I remember watching all of my classmates jump up and down at the idea of summer finally coming. Middle school was finally over: no more tests or homework — just a chance to forget your problems and start brand new. Well, little did they know that my summer would be a lot different from theirs.

My name is Hailey Juillet and I am a PV sophomore. When I was 8 years old, I was diagnosed with Primary Sclerosing Cholangitis. PSC is a chronic liver disease that slowly clogs the bile ducts thus the liver being unable to perform its normal functions.

Imagine explaining to an 8-year-old that they have a chronic liver disease. Let me tell you, it’s not an easy task.

One major side effect of PSC is becoming jaundice, meaning that the eyes and skin were becoming yellow. In middle school, when the side effect first showed up a boy asked me if I only saw yellow. When I look back at my pictures now,my yellow eyes are the only thing I notice.

As I got older, my PSC got worse. Doctors tried different medications and procedures to try to help, but nothing lasted for long. They performed an Endoscopic Retrograde Cholangio-Pancreatography to unclog the bile ducts, and at first it worked.

For a while everything seemed fine. My eyes were back to normal, but the bile came back. The doctors performed another ERCP. However, this time, the ERCP didn’t go as well.

My doctors knew it was time.

In October of 2015, I went to Columbia Presbyterian Hospital in New York City for what I thought was a normal checkup.

When my doctor first uttered the words “liver transplant,” I froze. It didn’t seem real.

From that point, a brand new chapter opened up in my life. The next eight months were emotionally and physically exhausting, running from doctor appointment to doctor appointment.

To get a second opinion, my parents and I went to Mount Sinai Hospital in New York where my father set up an appointment with some of the heads of their liver department.

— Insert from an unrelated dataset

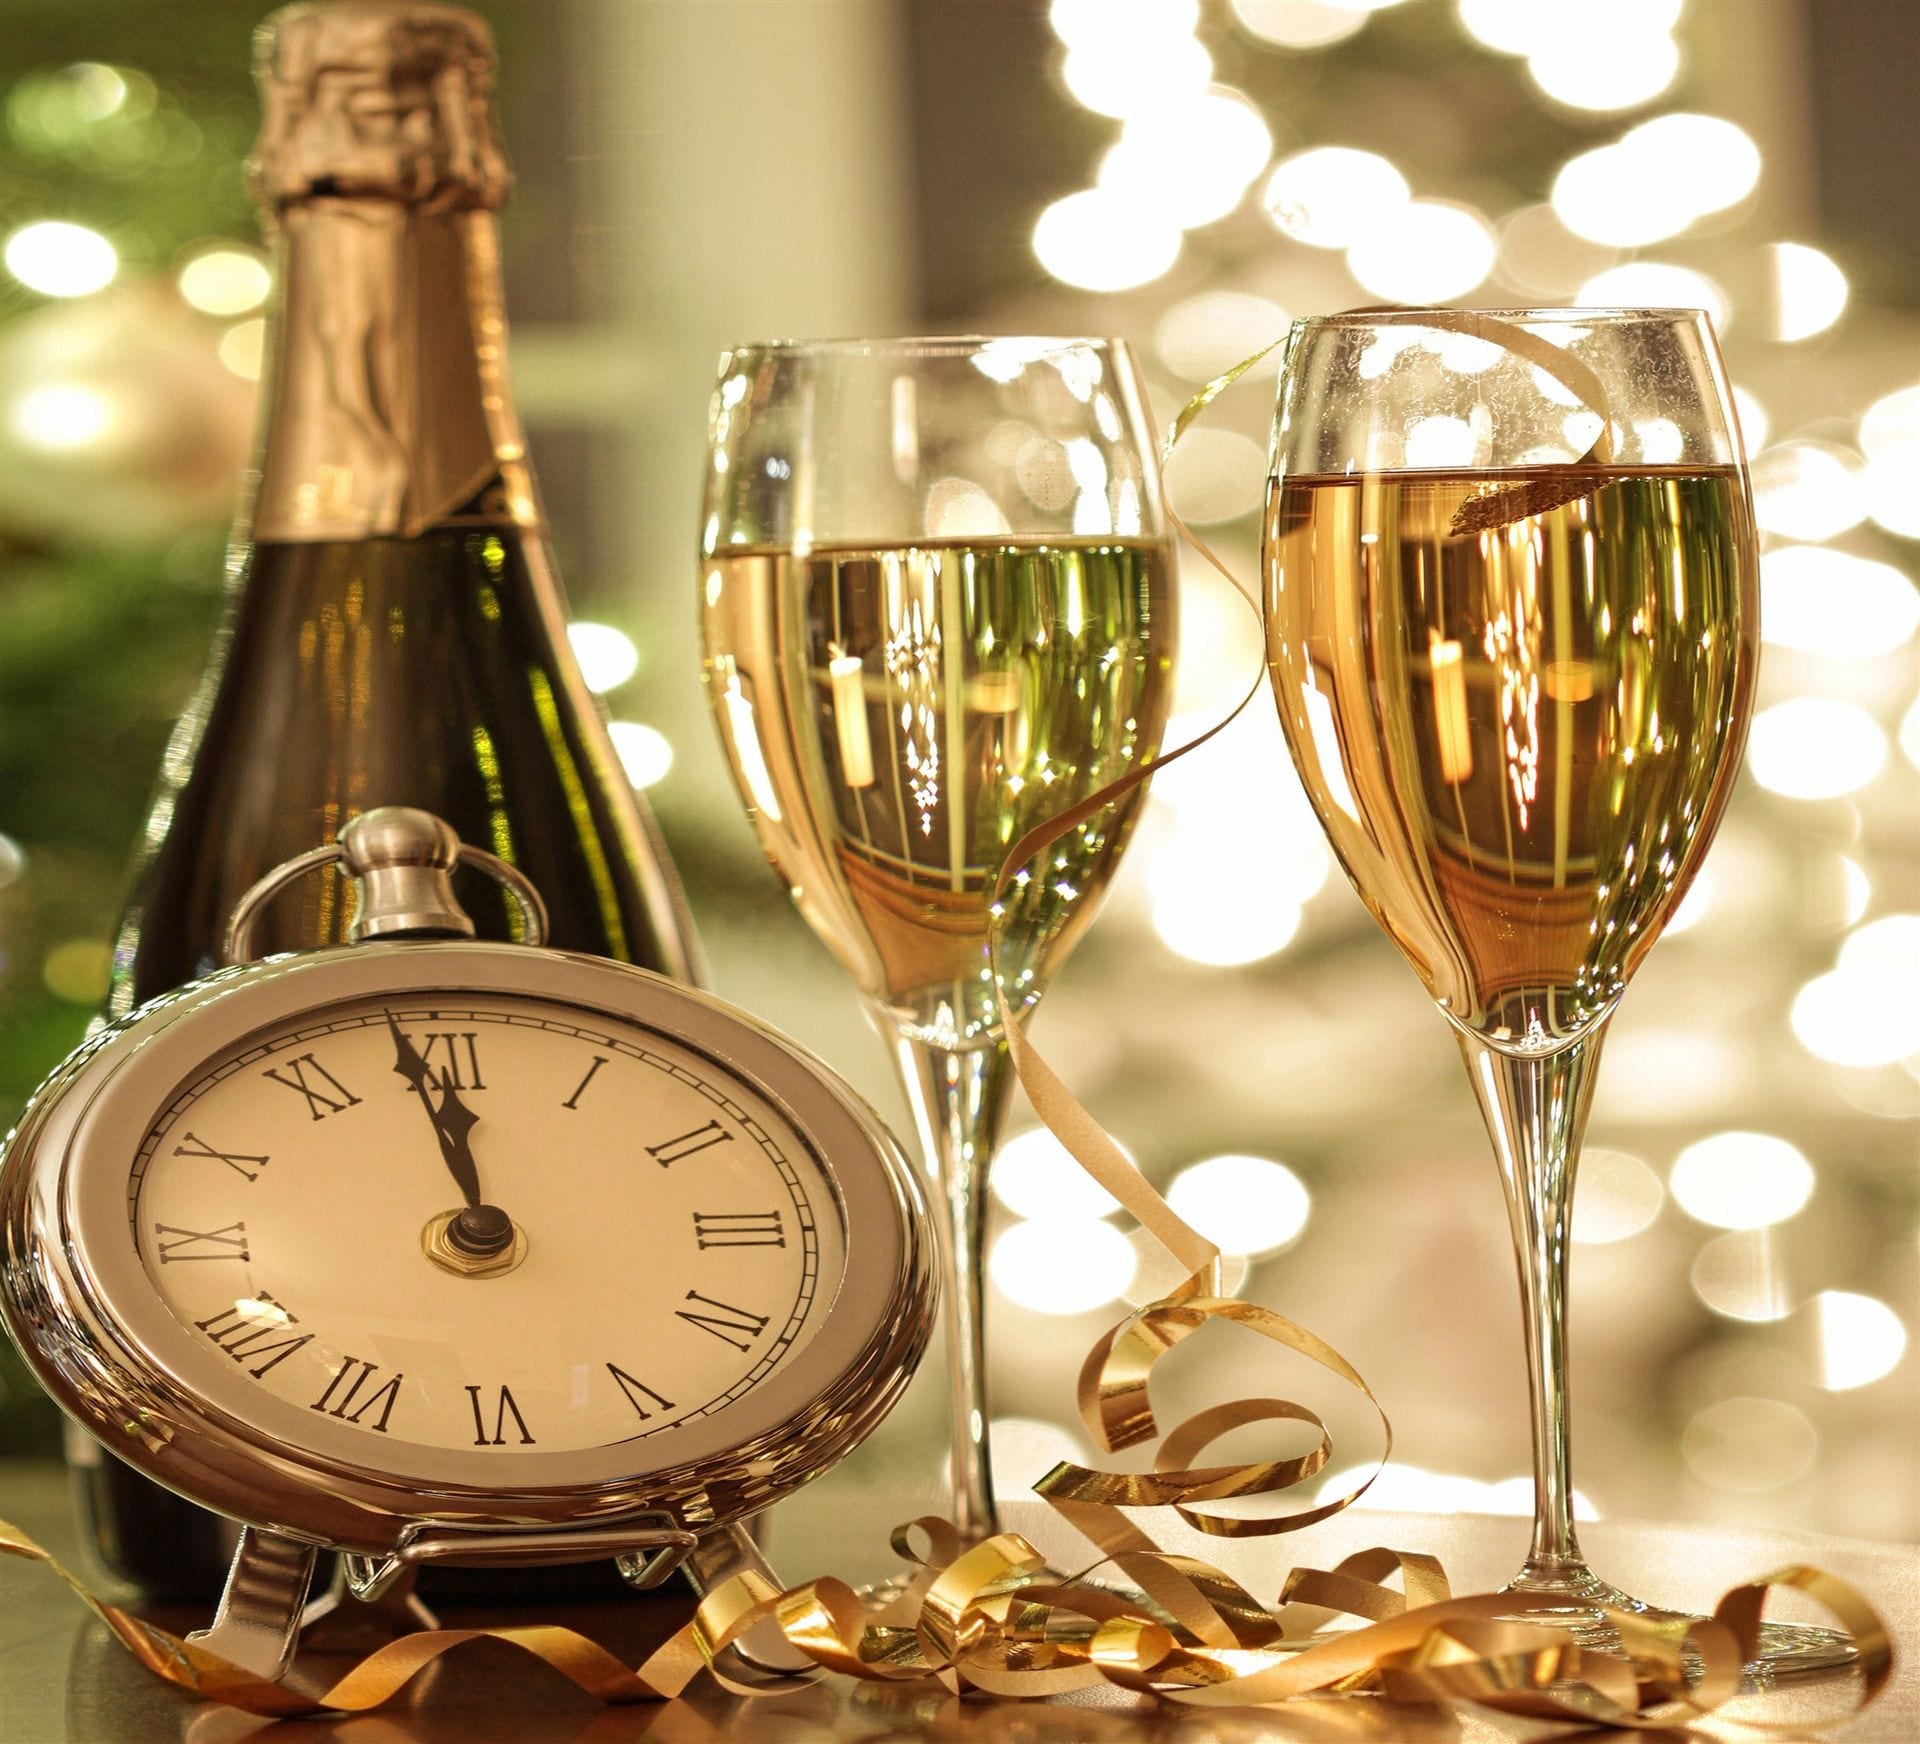 Champagne glasses, gold ribbons, and clock nearing midnight
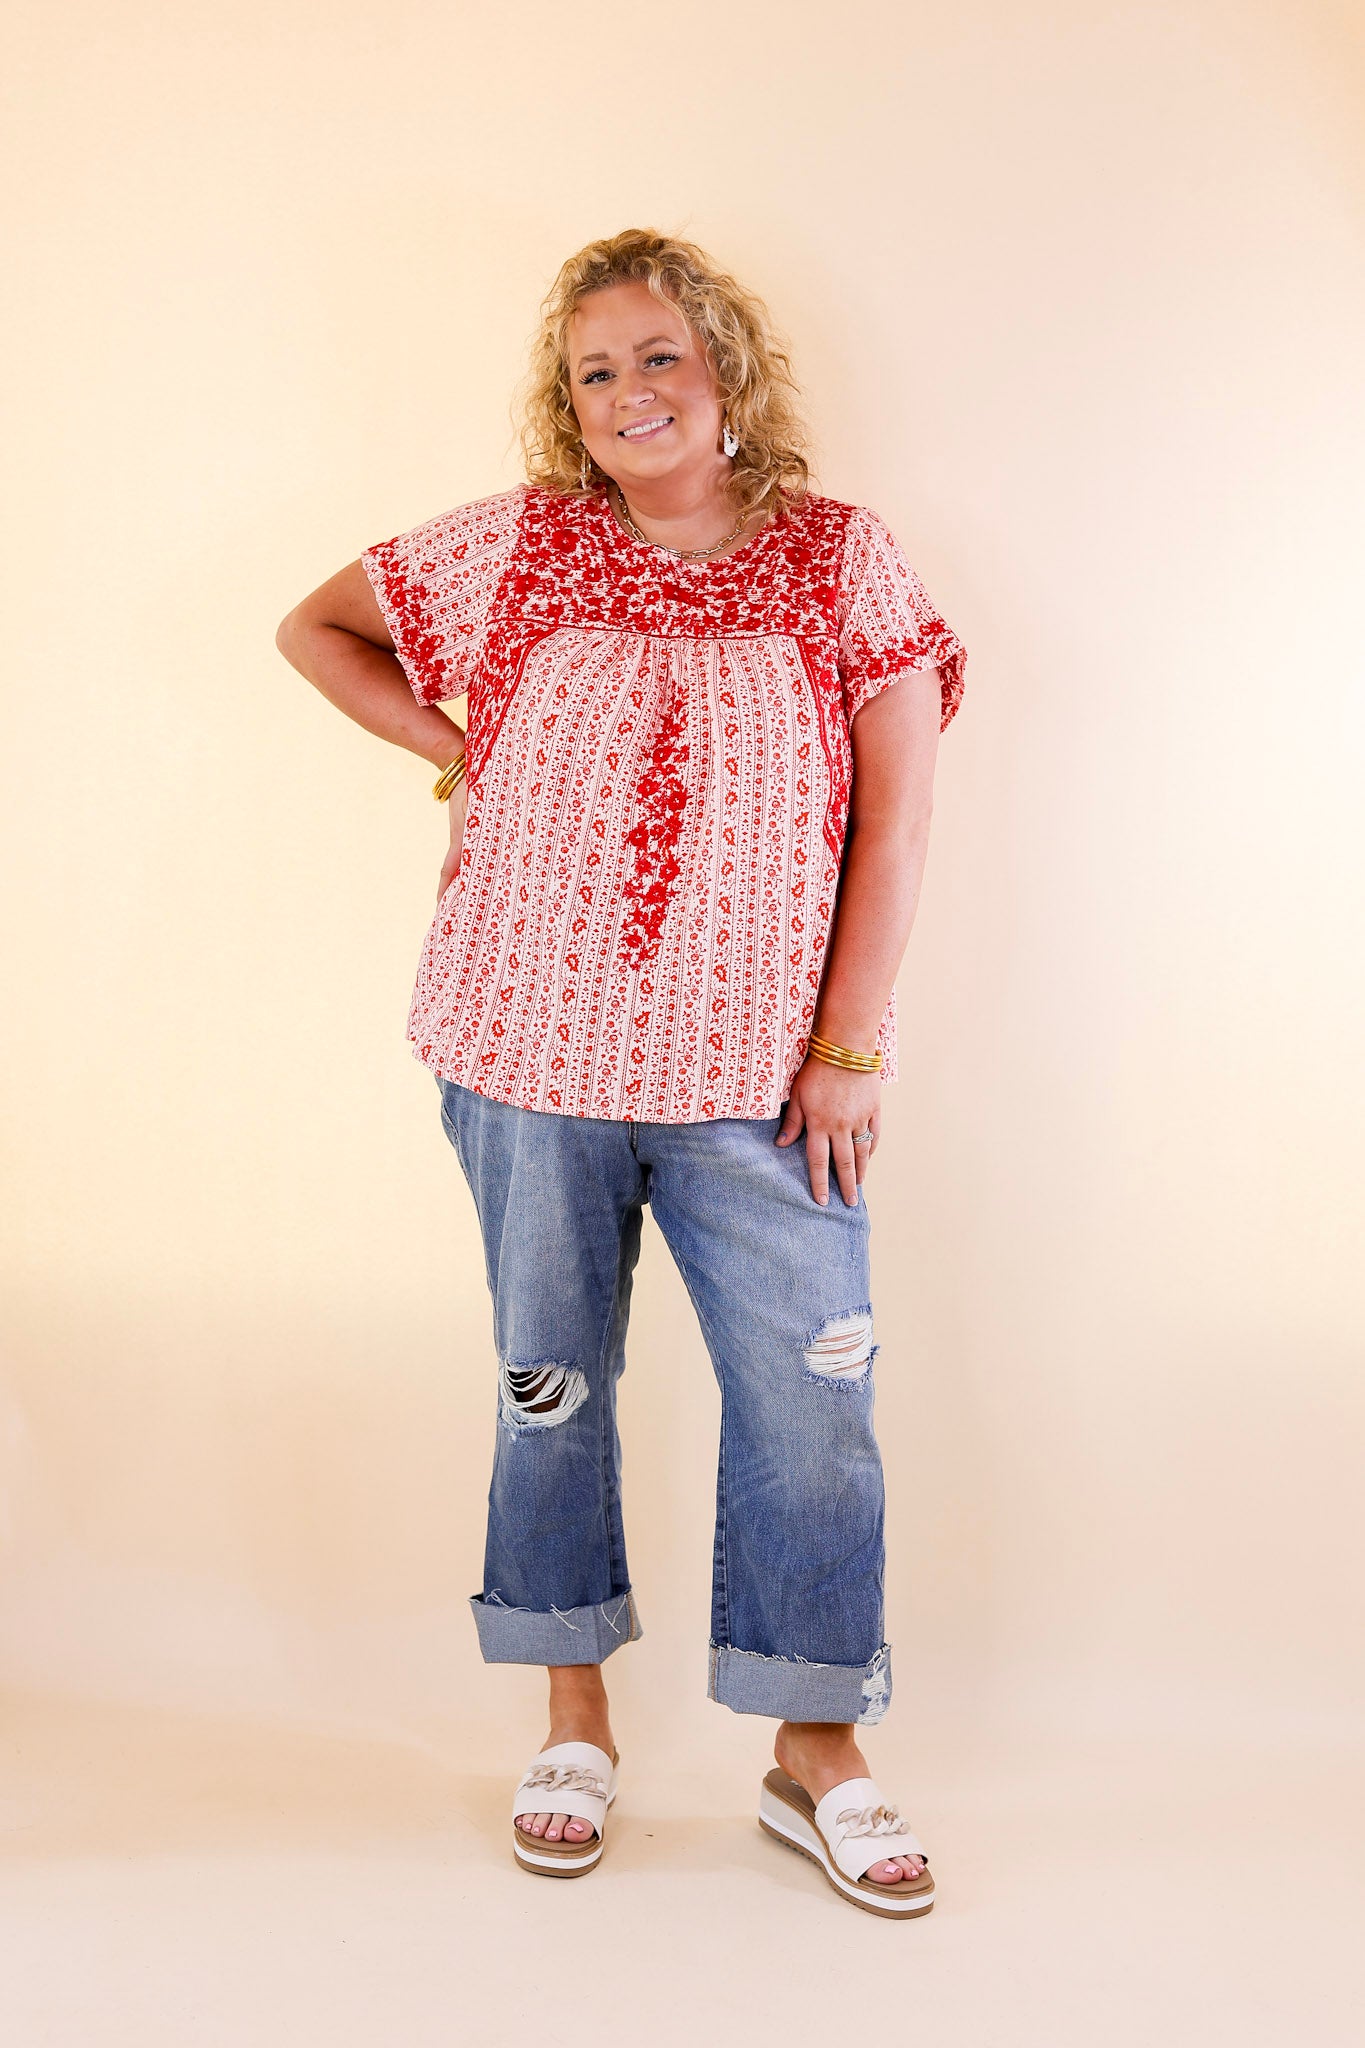 Sunny Day Floral Print Top with Red Floral Embroidery in Off White - Giddy Up Glamour Boutique

The doctors at Mount Sinai didn’t treat me like my diagnosis or a lab experiment. Instead of treating me like the only kid in the world who had this condition, they treated me as if they were treating their own child.

I transferred to Mount Sinai. My transplant was scheduled for June 29, 2016, and my mom was going to be my liver donor. My mom risked her health for mine. I’m lucky to have a mom who is as strong and courageous as her.

I was a complete mess on the day of my surgery. Not knowing what the outcome would be was by far the scariest part of the whole ordeal. I had high hopes throughout the process that my family and I would be able to overcome this obstacle.

My mom and I made a full recovery.  The idea of making the tennis team eight weeks after the surgery motivated me to get better as soon as I could. The symptoms I had before the surgery were gone and I started feeling better.

As of now, the surgery has been a complete success.  I made the JV tennis team last year and even moved up to Varsity this year.

I could have never gone through this process without the support of my family and friends. They are the ones who made me strong enough to know that I can accomplish anything… especially something as big as a liver transplant. I’m truly blessed to have my amazing family, especially my mom, friends, and doctors, who have all been there with me every step of the way.